Fissipunctia ypsillon, the dingy shears, is a species of moth of the family Noctuidae. It is found in the Palearctic realm (Europe, Morocco, Algeria, Turkey, Russia, Caucasus, Transcaucasia, Iraq, Iran, Afghanistan, Siberia, and the Russian Far East).

Description

The wingspan is 32–42 mm. The length of the forewings is 15–19 mm.
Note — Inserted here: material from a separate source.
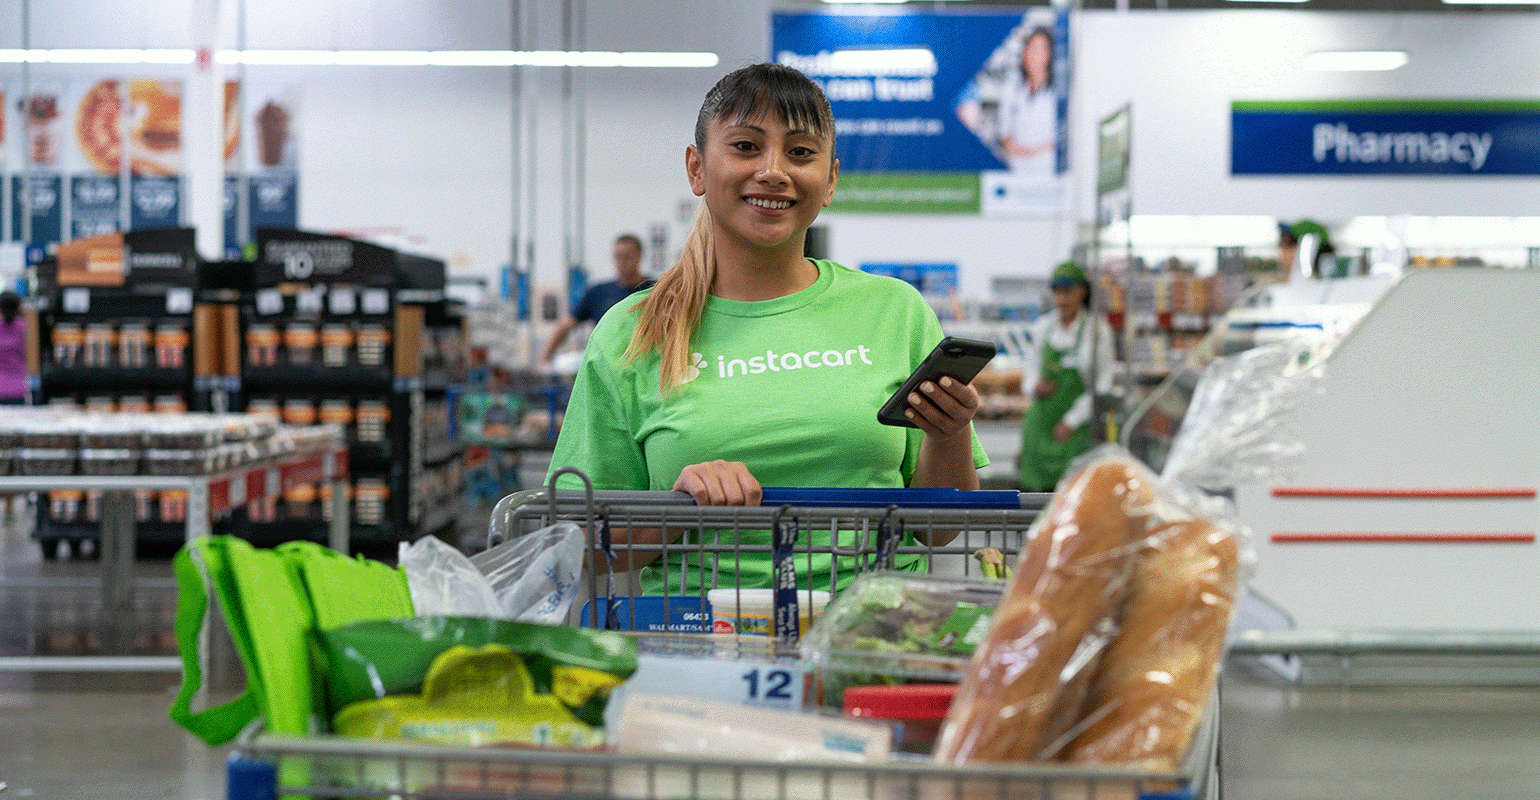 Can You Use Food Stamps At Sam S Club Online Sam S Club Expands Partnership With Instacart Supermarket News

Forewing grey, dusted with blackish, and with more or less reddish brown suffusion; a dark streak from base below cell; inner and outer lines pale, very obscure; submarginal line pale, distinct, generally preceded by dark marks; stigmata of the ground colour, the cell dark fuscous; claviform long, pointed, often followed by two black streaks to outer line; orbicular irregular in shape, often elongate below and touching reniform; hindwing fuscous, often paler towards base; the rarer grey form, with very sparse rufous suffusion represents the type; the commoner rufous-suffused examples are corticea Esp. ; ab. nigrescens Tutt is a rare form with blackish forewings; variegata Tutt is purplish blackish; the costa marked with a series of short black streaks; orbicular and upper part of reniform pale, likewise the claviform; veins pale, the intervals of the dark ground colour, giving a striated appearance; all the lines pale; — ab. conjuncta ab. nov. [Warren] is; purplish fuscous, the veins and stigmatal annuli whitish, the upper stigmata strongly conjoined: — in orenburghensis Bartel the ground colour is whitish grey, the darker shades rufous grey, especially the cell; the orbicular stigma large, whitish grey, prolonged below to touch the reniform, which is dark with a pale ring; the space beyond it rufous grey with the veins pale across it; below the median vein the claviform stigma and the area within the median shade are also pale grey;hindwing with basal half paler, showing a dark cellspot and outer line.
The larva is brown, sometimes inclining to reddish marked with black above, and the under surface is paler; there are three pale lines along the back, and one low down along each side.The head is pale brown freckled with darker brown.

Biology
The moth flies from June to August depending on the location.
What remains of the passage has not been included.